The reporting periods (sections 25 and 26)

2.35      ICN expressed its concern with the six month reporting periods (with reports due within six months of the close of the period) set out in sections 25 and 26 of the bill. It argued that under these timeframes, there is the potential 'for nine months to have expired before any official notification that the AIP proposals in the approved plan are not being met'. ICN feared that in consequence, Australian companies might miss opportunities.[34]

2.36      Instead, ICN proposed that under any approved plan the Authority should require the plan owner to publish all available and open contracts on a public, online web portal together with a statement detailing the successful tenderer once the contract has been awarded. It argued that the Authority should be charged with the requirement to observe, during the reporting period, the publication of these contracts and winning tenderers and to use these observations to ensure plan owners are in compliance with their approved AIP plans.[35] This position was endorsed by the AWU-AMWU in its submission.[36]

2.37      In a similar vein, the Australian Steel Institute argued that:

We would prefer if compliance reporting was at minimum every three months. This would allow for the updates on engineering, design, methodology etc and provide a better chance for local industry to be aware of the relevant information and participate in the project.[37]

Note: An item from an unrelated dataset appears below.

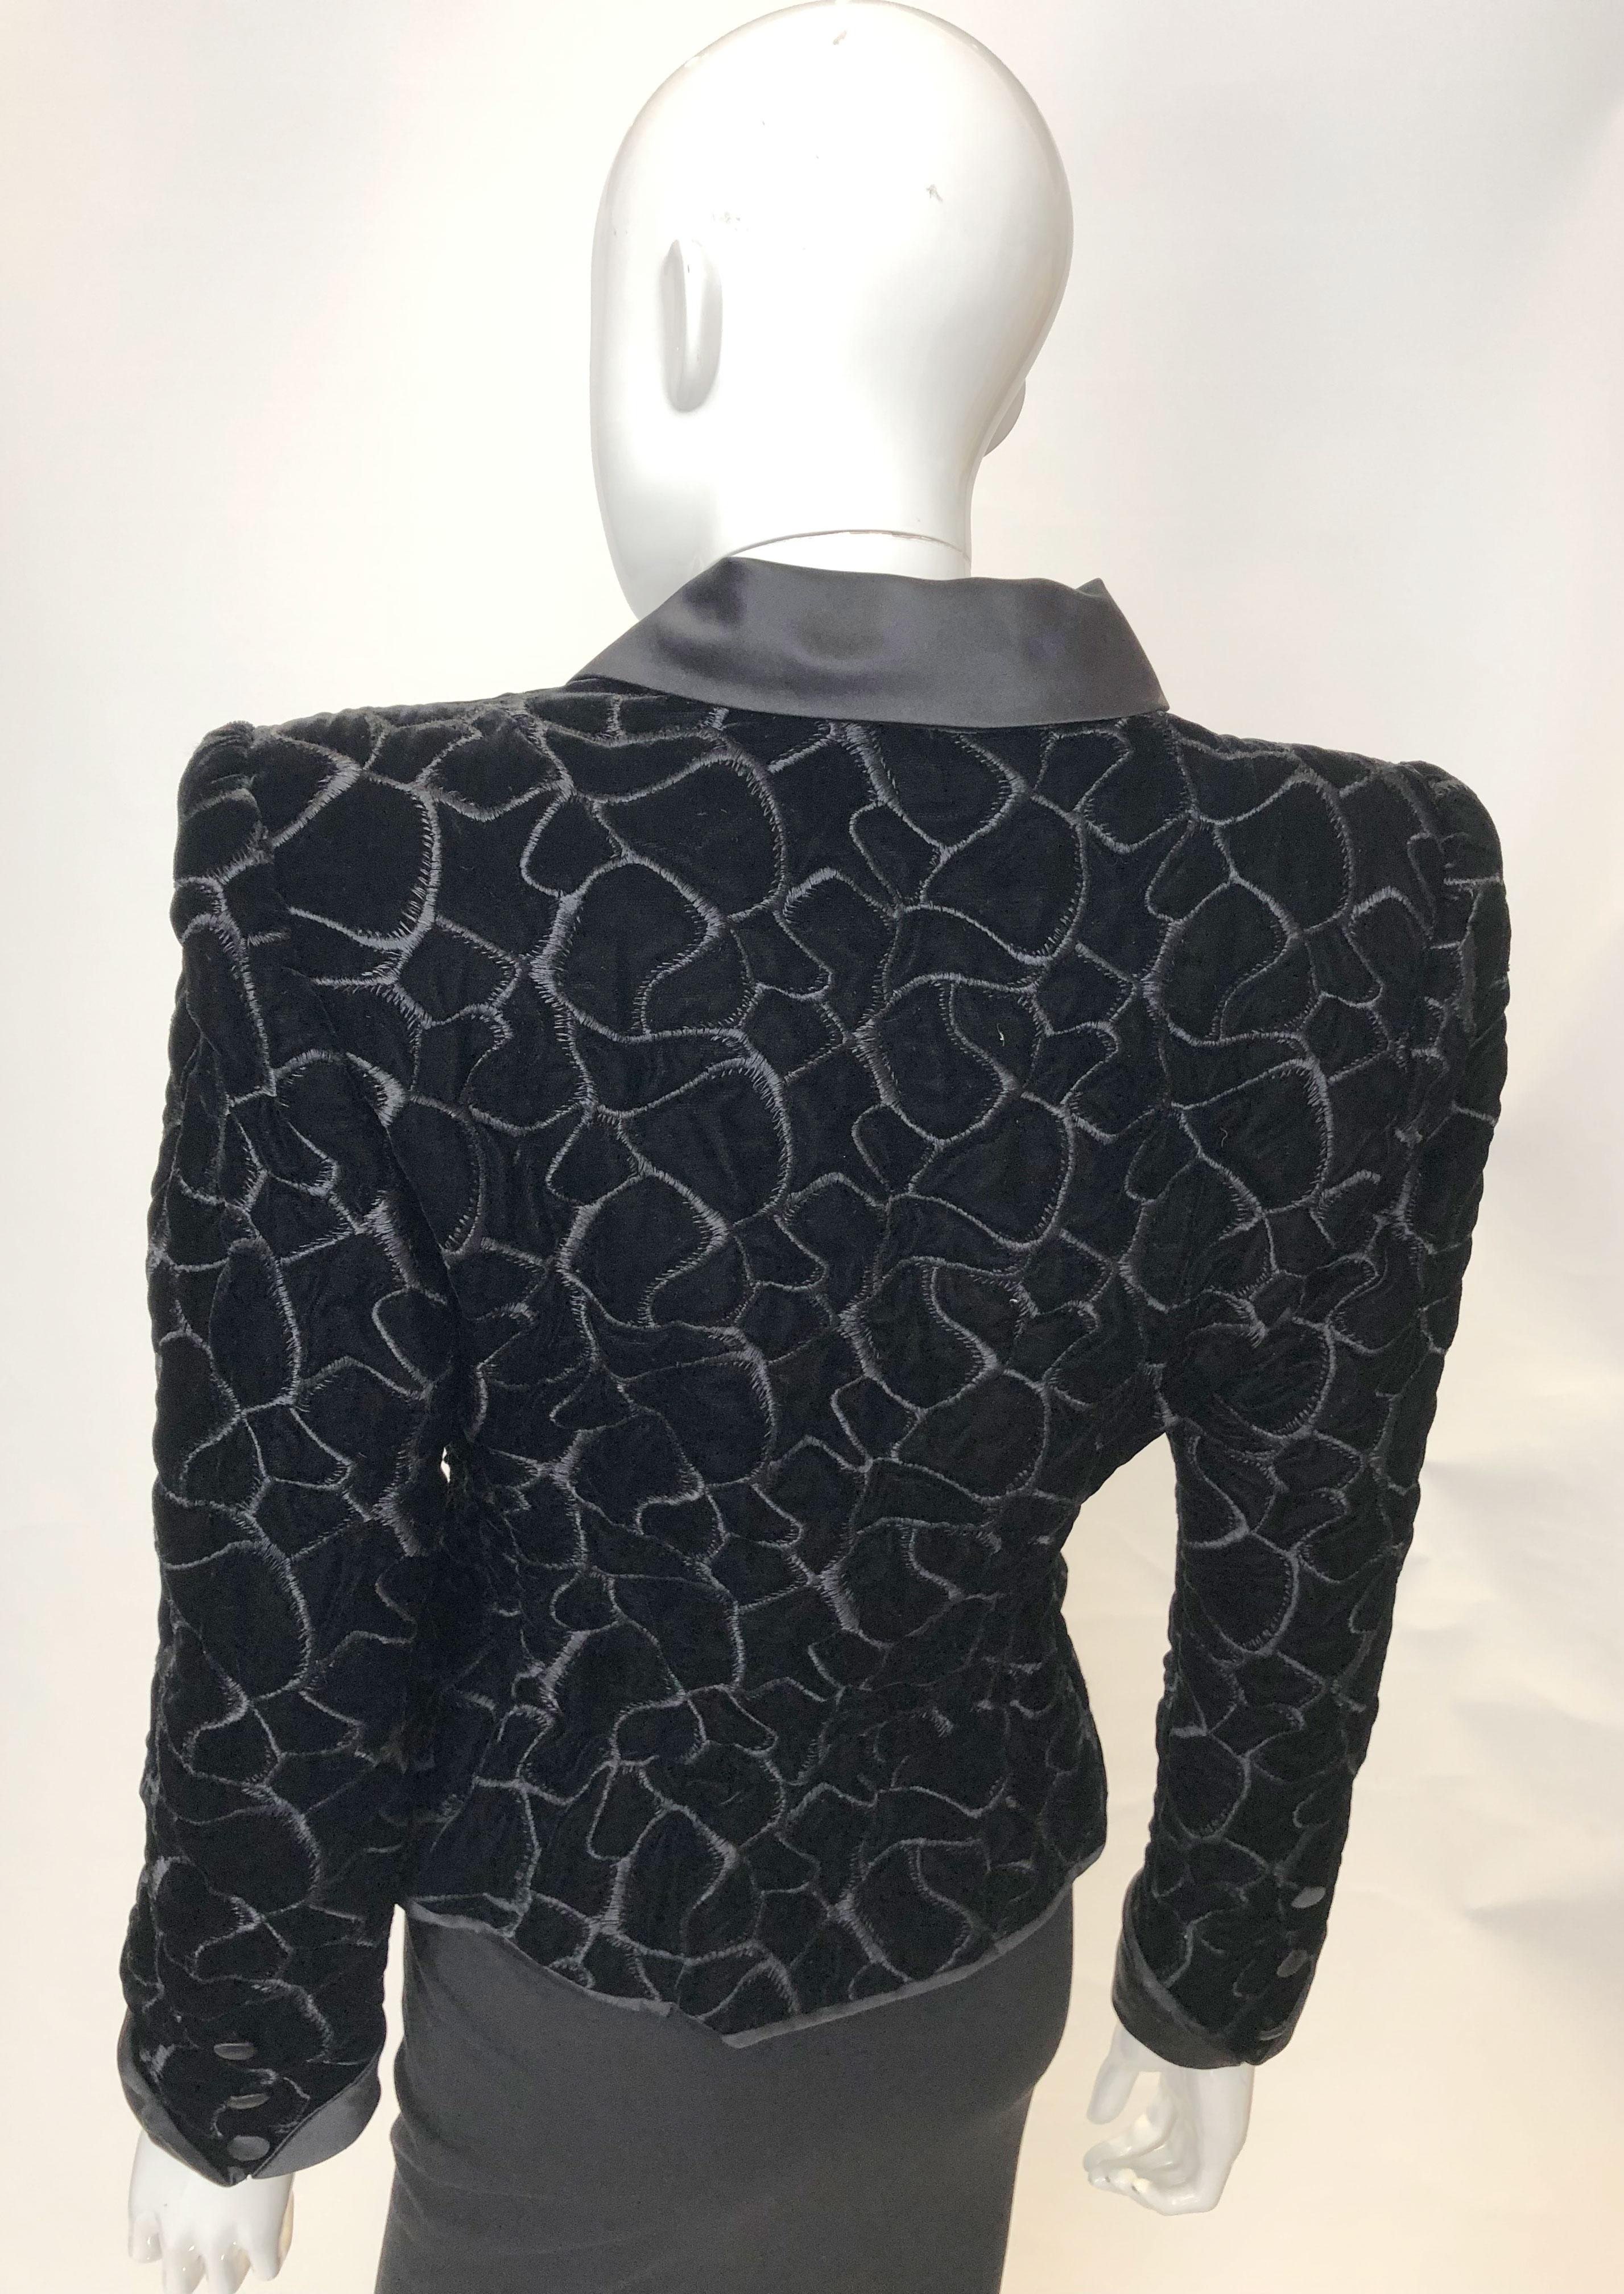 A head turning jacket by Monteverdi Couture. The jacket is in black velvet with interesting stitch detail. It has a satin collar and covered buttons. It is fully lined and has a peplum detail at the waist.

Complexity of the Exposure draft bill

2.38      Several submitters expressed concern at the complexity of the Exposure Draft bill. CCI WA, for example, noted that there are 'a number of passages that are complex and potentially onerous for business to implement'. It identified the rules governing the primary and secondary obligations under the AIP plan rules (sections 35, 36, 38 and 39) and the requirements to report on compliance with the AIPP (sections 24–28) as requiring significant additional work and capital investment by project proponents.[38]

Governance arrangements

2.39      There were some concerns raised by submitters with the specific governance arrangements proposed in the Exposure Draft. ICN, for example, argued that the proposed Advisory Board, under section 85 of the bill, has 'significant limitations'. Specifically, ICN claimed that the Advisory Board's proposed role of advising the AIP Authority on performance, if requested, is inadequate.

Rather:

A strong governance model which monitors performance, sets strategies and ensures best practice outcomes would be instrumental in achieving the purpose of the proposed Legislation. The governance model as proposed is unlikely to achieve those aims. ICN recommends a formal board structure with overall responsibility for the performance of the Authority. Should this be not an available option within an Authority structure then ICN recommends that a structure be adopted which does provide for an independent and accountable board.[39]

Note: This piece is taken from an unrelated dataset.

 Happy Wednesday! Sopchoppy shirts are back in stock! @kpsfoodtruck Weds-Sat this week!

2.40      The AMWU-AWU submission proposed changes to 'the composition of the board so that it consists of at least five members and not more than seven (as opposed to the current draft legislation where a minimum of two and maximum of four members is proposed).'[40]

Committee view

2.41      It is the committee's view that the draft Australian Jobs Bill 2013 will be good for Australian businesses, helping them access Australia's strong pipeline of major projects. The legislation will help ensure Australian manufacturing, construction and service businesses are fairly considered for all projects. The combination of a requirement to develop Australian Industry Participation Plans for all projects with a capital expenditure of $500 million or more, and the establishment of the new Australian Industry Participation Authority to ensure compliance with the new legislation, represents an effective way to help Australian businesses win work on large domestic projects and in global supply chains.

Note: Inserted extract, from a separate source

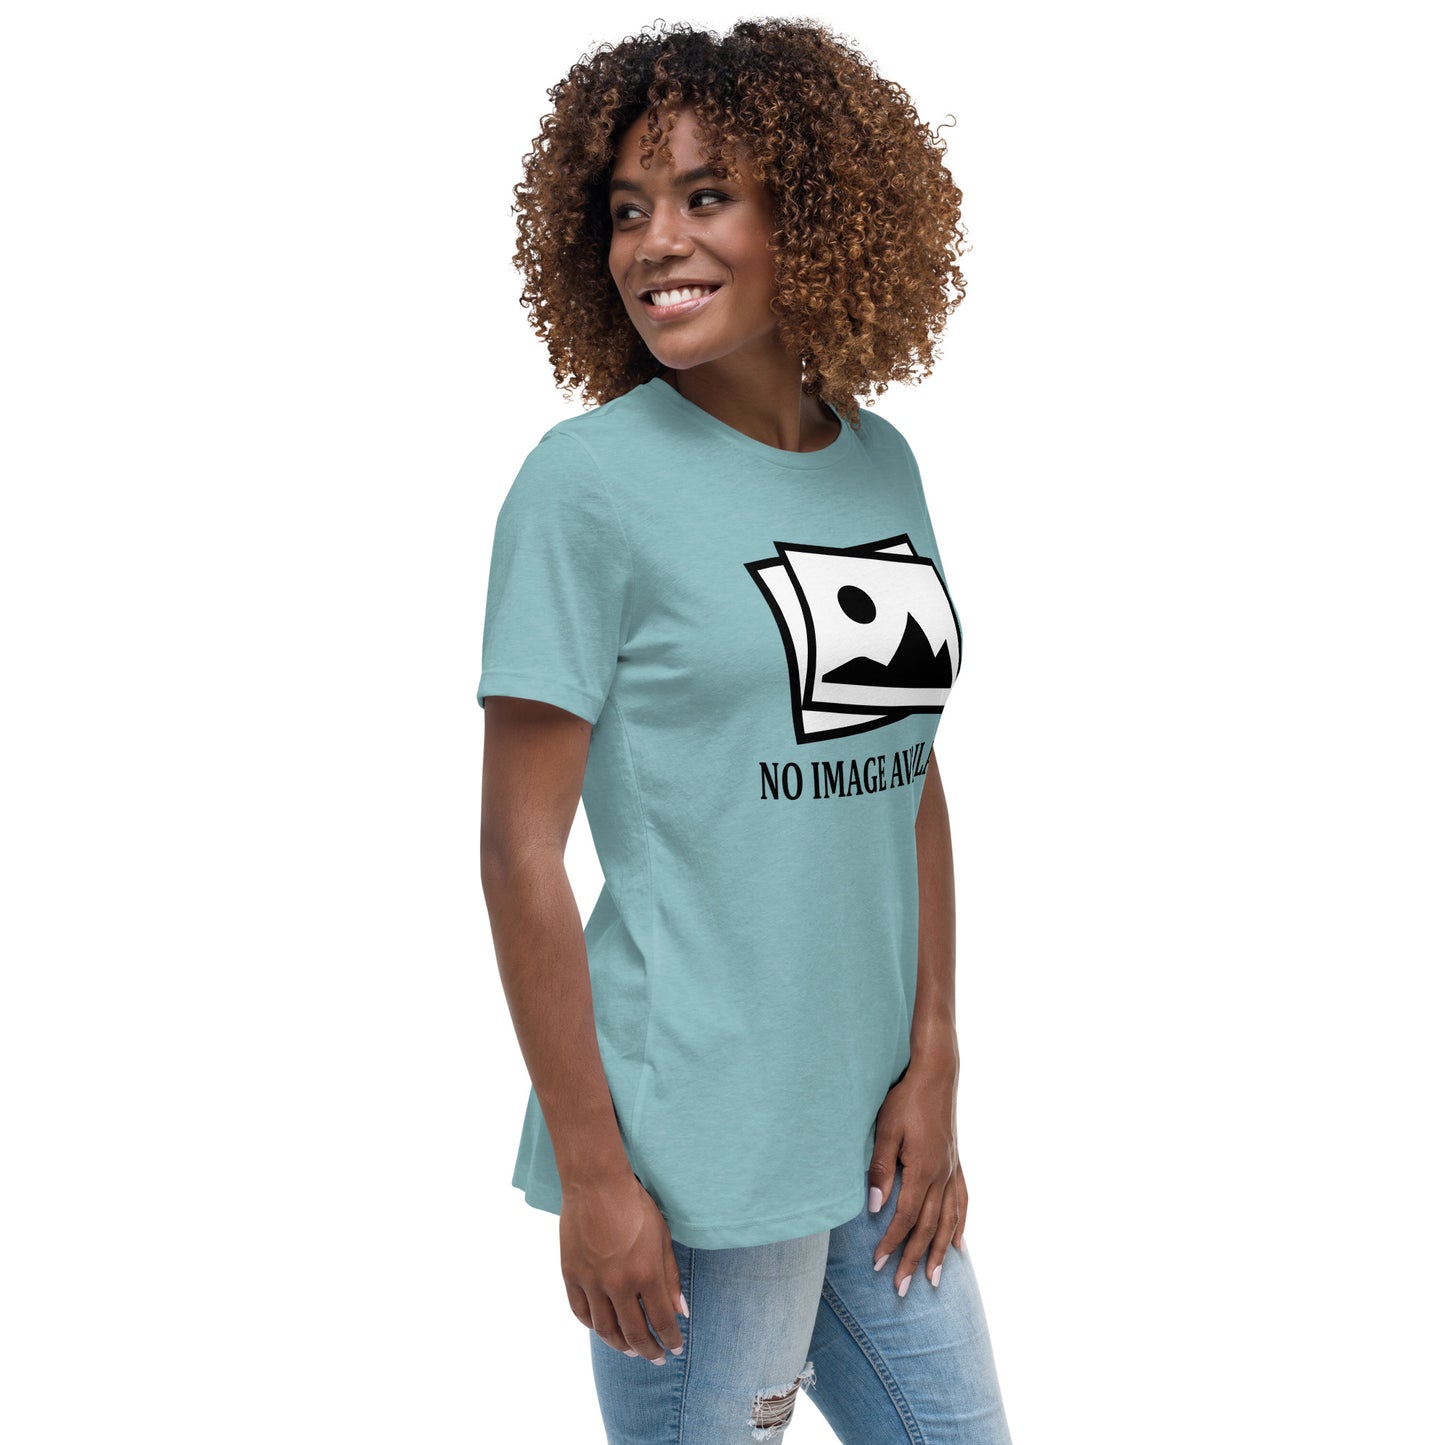 Women with blue lagoon t-shirt with image and text "no image available"

2.42      The concerns of the handful of submitters about elements of the draft legislation have been noted by the committee. The committee, however, is convinced that the consultation process outlined in the Decision Regulation Impact Statement was robust and that the legislation as drafted reflects those consultations.

Recommendation 1

2.43      The committee recommends that the Australian Jobs Bill 2013 be introduced into the parliament.